Нейрохимическое вещество с самой большой способностью стимулировать изменения головного мозга — это, пожалуй, дофамин, также вырабатываемый в результате отношений, помогающих развитию. Я уже рассказывала о дофаминовой системе вознаграждения, которая настолько действенна, что создает зависимость, если дофаминовые пути привязаны к пагубным привычкам.
Чтобы легче добиваться результатов, нужно правильно использовать «химическую лабораторию» внутри нас.
Обеспечивая выработку дофамина в мозге под воздействием здоровых отношений, вы формируете сильную связь между тем видом деятельности, который хотите стимулировать, и естественными желаниями организма.
Вы предлагаете мозгу вознаграждение за то, что он изменит себя. Нейробиолог Марта Бернс рекомендует учителям рассматривать вырабатываемый мозгом дофамин как кнопку «сохранить», поскольку когда дофамин связан с процессом обучения, нейронные пути, отвечающие за усвоение информации, становятся гораздо прочнее и устойчивее.
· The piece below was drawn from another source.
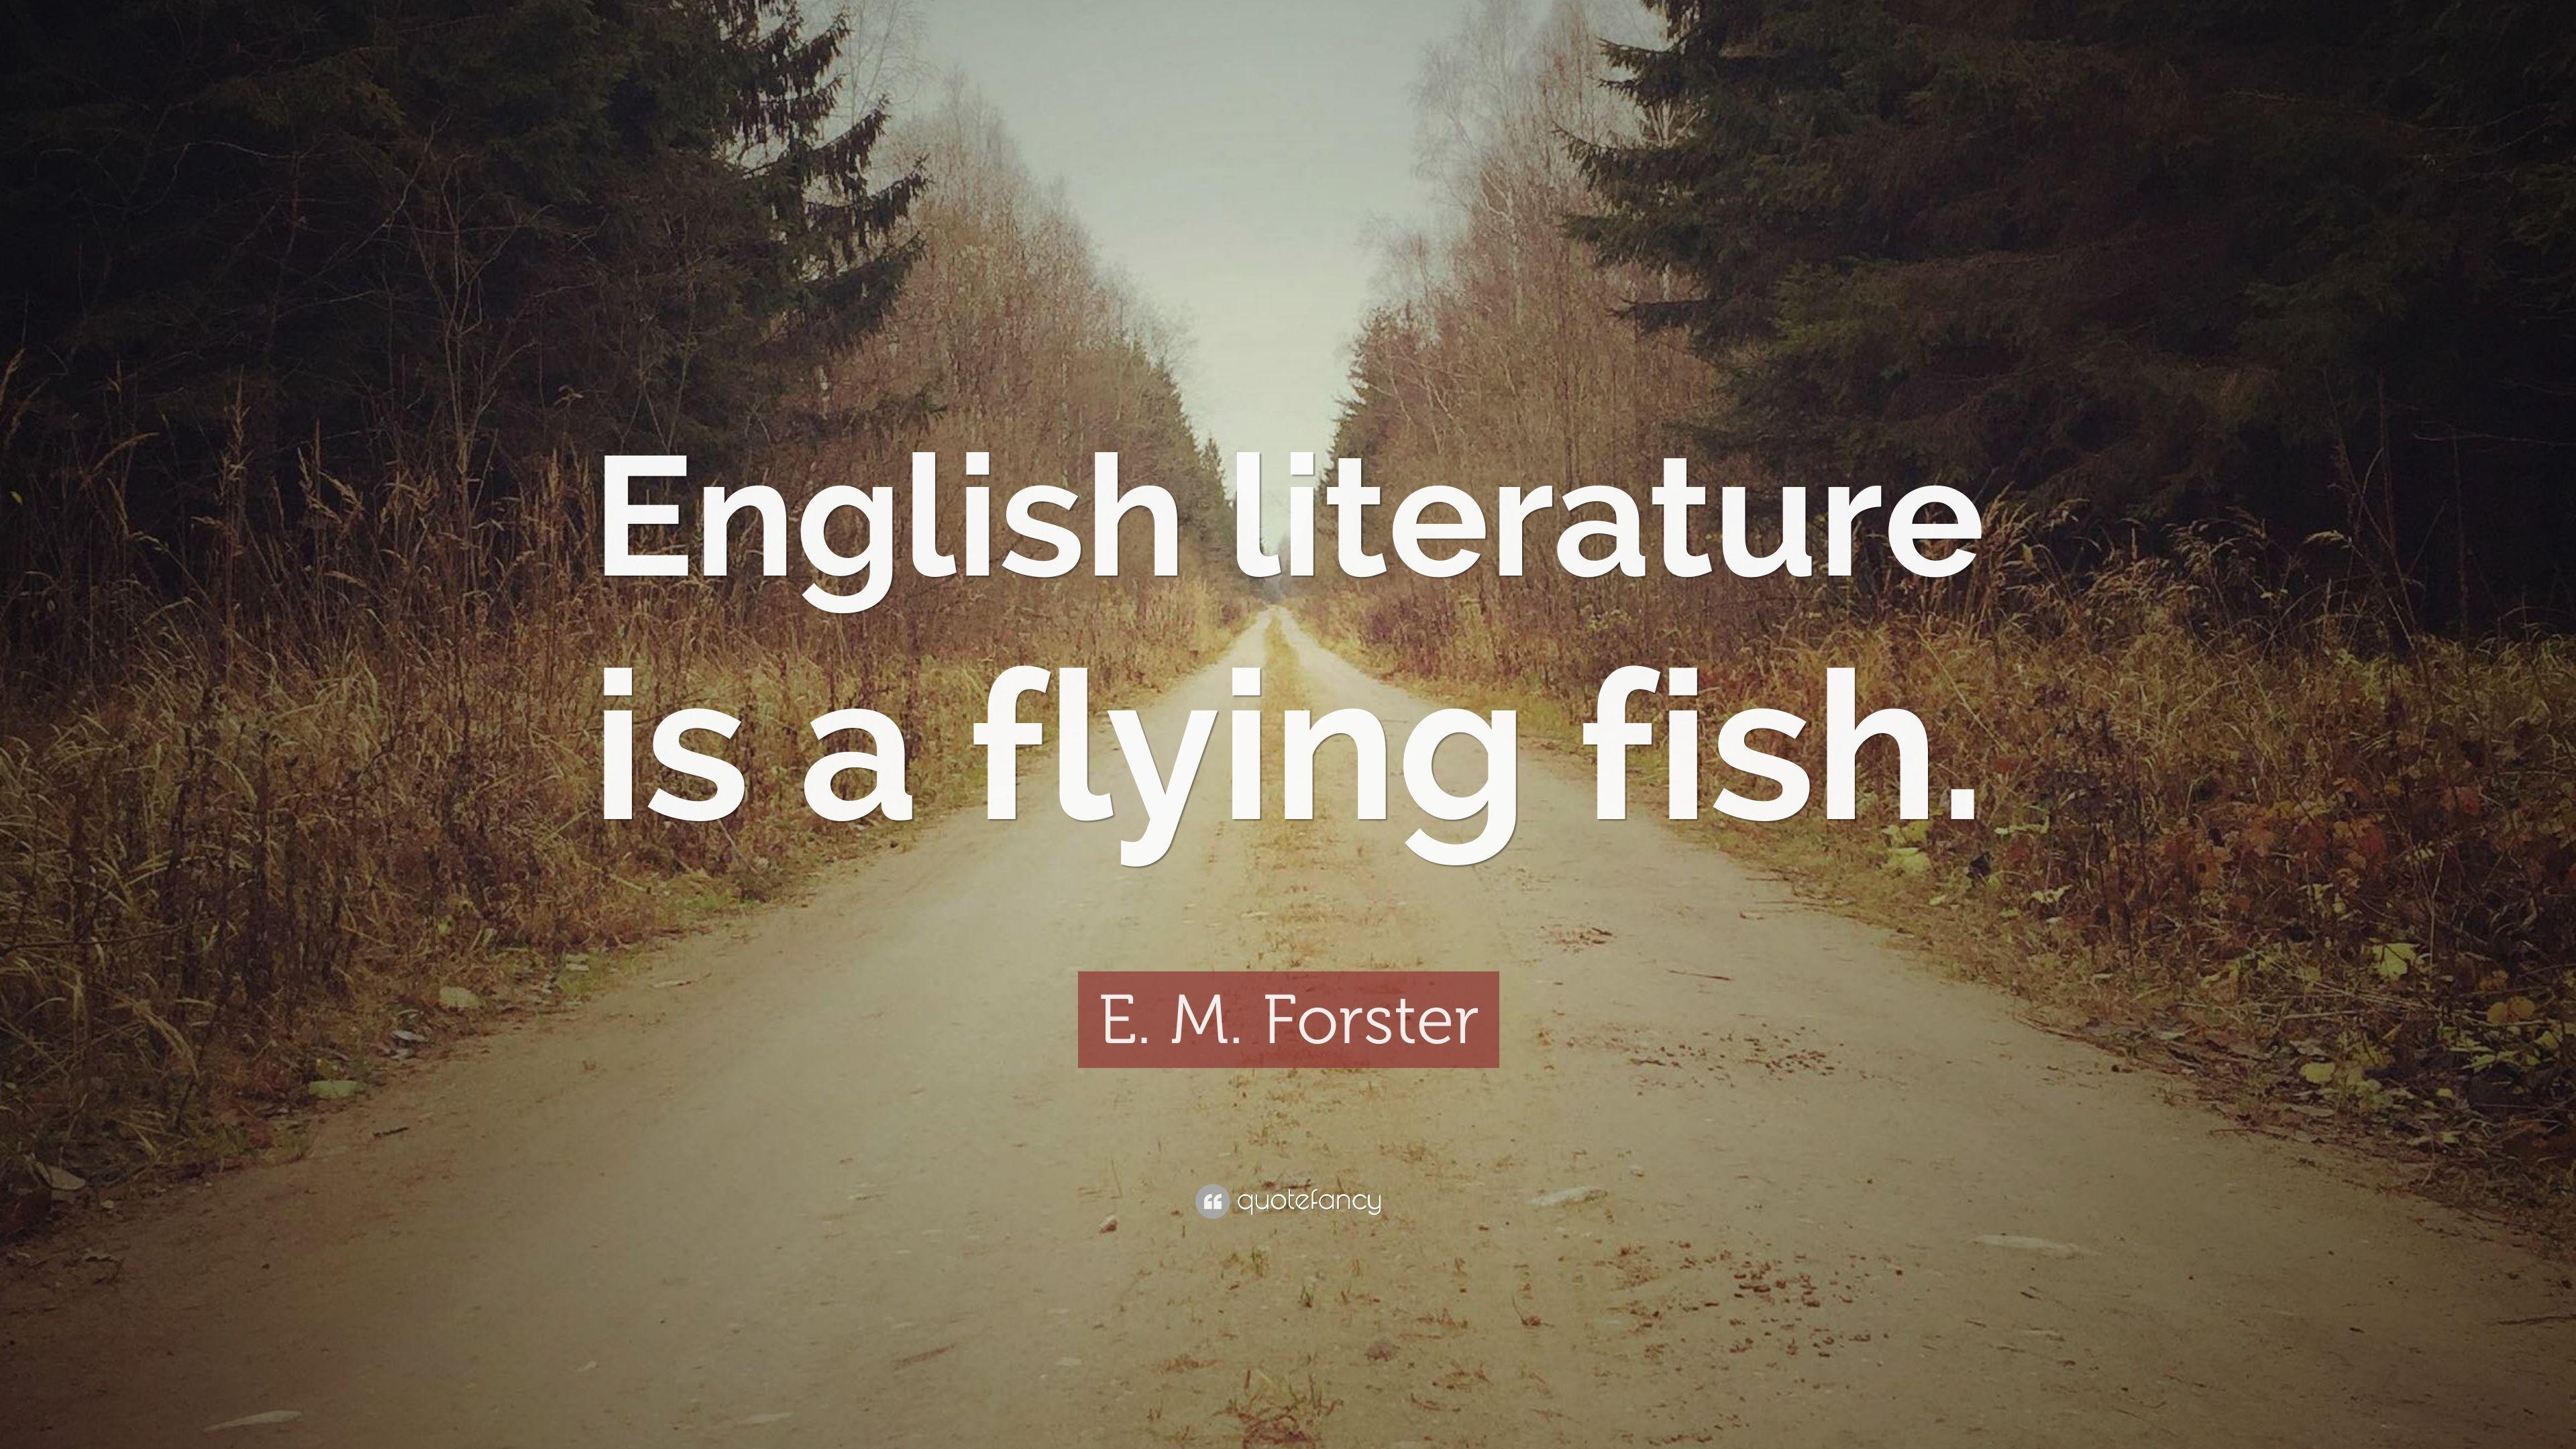 E. M. Forster Quote: “English literature is a flying fish.” 5
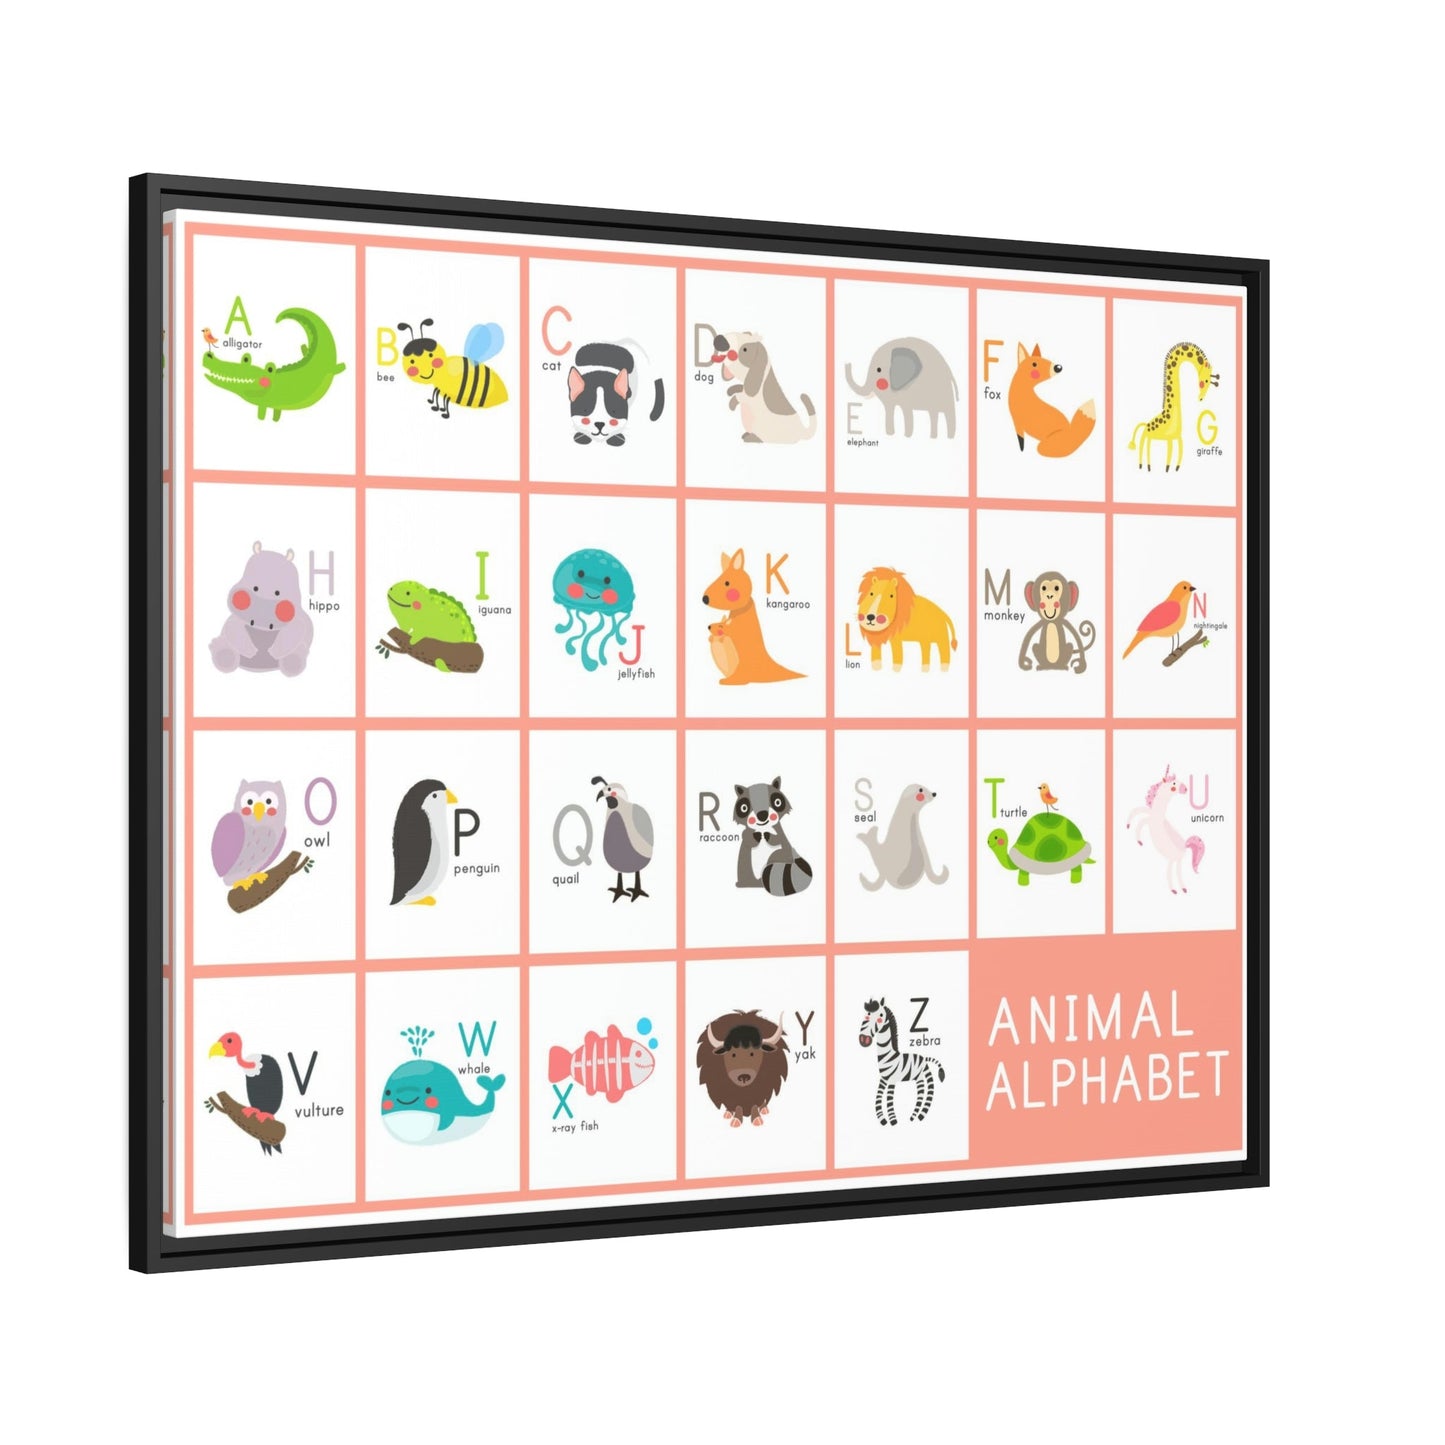 World of Wonder: Educational Wall Art on Natural Canvas for Kids' Bedrooms

По всем этим причинам здоровые отношения с окружающими могут стать для вас самым ценным активом при попытке измениться.
Однако без многократной стимуляции нового нейронного пути они не всегда способны эффективно конкурировать с существующими нежелательными путями и проблемным поведением.
Именно поэтому необходимо придерживаться третьего правила изменения мозга как в процессе терапии, так и в ходе изменений без профессиональной поддержки: повторение, повторение, дофамин.